Impacts on clearing prices
It is important to recognize that not all resources, when carved out of or excluded from the auction, would increase clearing prices, as the Grid Strategies report suggests. It has been well advertised that the subsidized nuclear plants in Illinois and Ohio, totaling over 4,000 MW, have not cleared certain previous PJM capacity auctions. In other words, their offers were too high to be selected by the market.
But the resource carve-out and “re-pricing” method does not change the auction clearing price if the resources being carved out would fail to clear the auction based on their offers. Hence, the total magnitude of existing subsidized resources — where carving them out based on their past offers would affect the clearing price — is even less than 10,000 MW and should be less than 6,000 MW.
This is a quarter of the 24,000 MW impact that needs to be presumed in order to claim a $5.7 billion rate increase and almost half of the 11,777 MW impact that yields a $1.6 billion increase. The cost when considering these important nuances is well below the $2.2 billion annual cost of the subsidies listed above.
Competitive electricity markets have been a fundamental tenet of FERC’s approach to regulation for over twenty years. FERC has a congressionally-mandated obligation to ensure just and reasonable wholesale rates, and a component of that has been FERC’s support for minimum offer price rules to protect consumers from costly, inefficient and distortive state subsidies. This approach to regulation is not new; the only thing that has changed is the magnitude of the state subsidies.

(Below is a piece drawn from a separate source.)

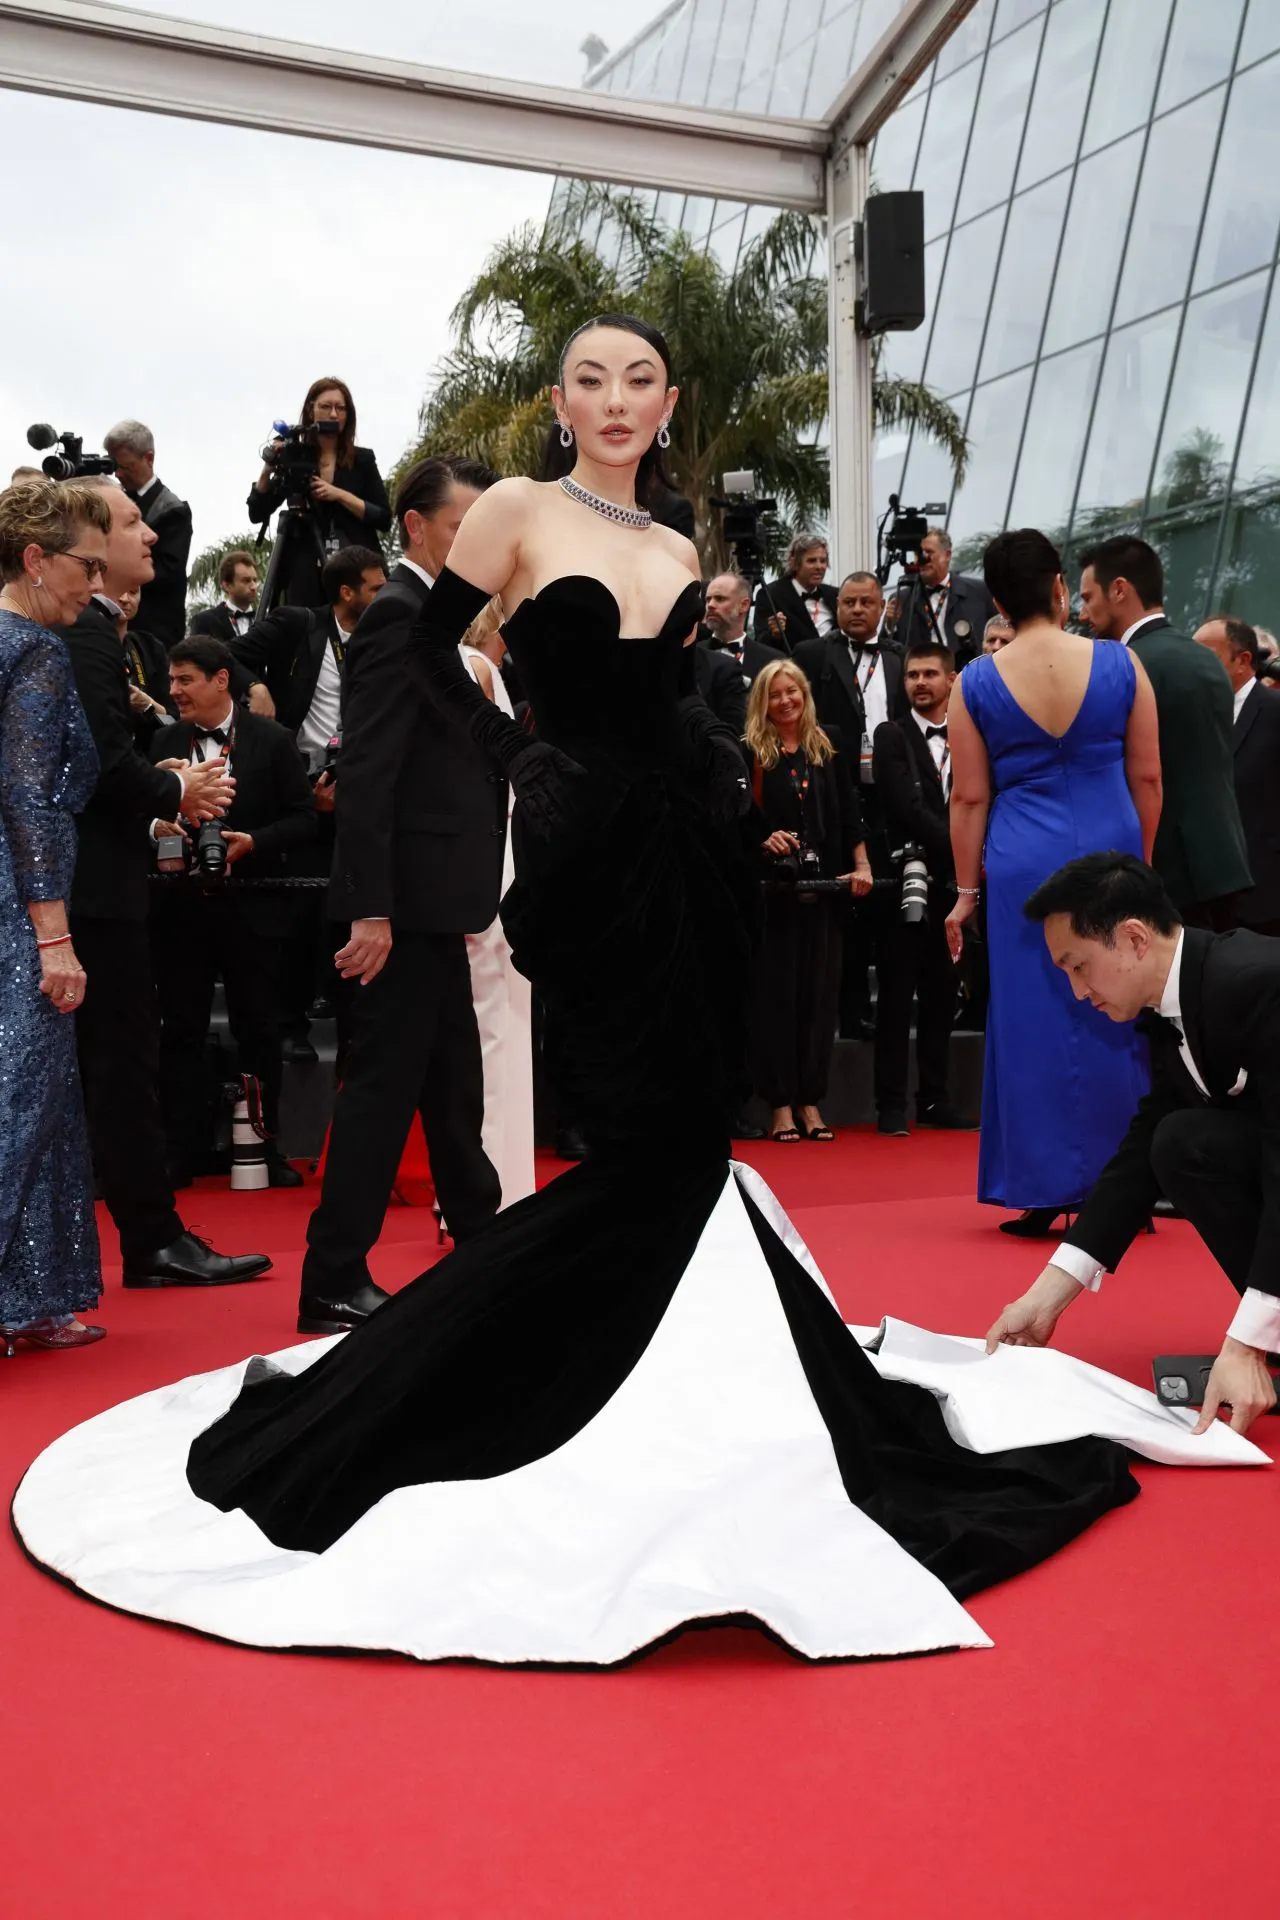 JESSICA WANG AT THE APPRENTICE PREMIERE AT CANNES FILM FESTIVAL6

Temporary and inefficient policies
In practice, the state subsidies described above are ad hoc payments to profit-seeking companies who have convinced state legislatures that their plants: (1) are losing money in the competitive markets, and (2) have something to sell that the existing competitive market structure does not value. But the states’ answer to that has not been to pay all resources for their carbon-free attribute. Rather, the “answer” has been to have citizens make side payments to the companies seeking handouts in the state houses.
Legislatively-mandated, resource-specific policies are temporary and inefficient; upon expiration, should a state choose not to recommit resources to said policies, a resource retirement would increase carbon emissions, despite consumers spending billions of dollars.
Competitive electricity markets are key to sustainable environmental progress. Restructured electricity markets in the PJM footprint have seen carbon emissions reductions of 30% since 2005 while at the same time delivering lower costs to consumers of all types. These reductions were not the result of state mandates, but rather private investment, innovation and competition.
If the policy goal is to achieve sustainable carbon reductions, policymakers should consider long-term, economy-wide solutions to a national and global issue instead of high-cost, one-off, temporary fixes that fail to meaningfully address the problem.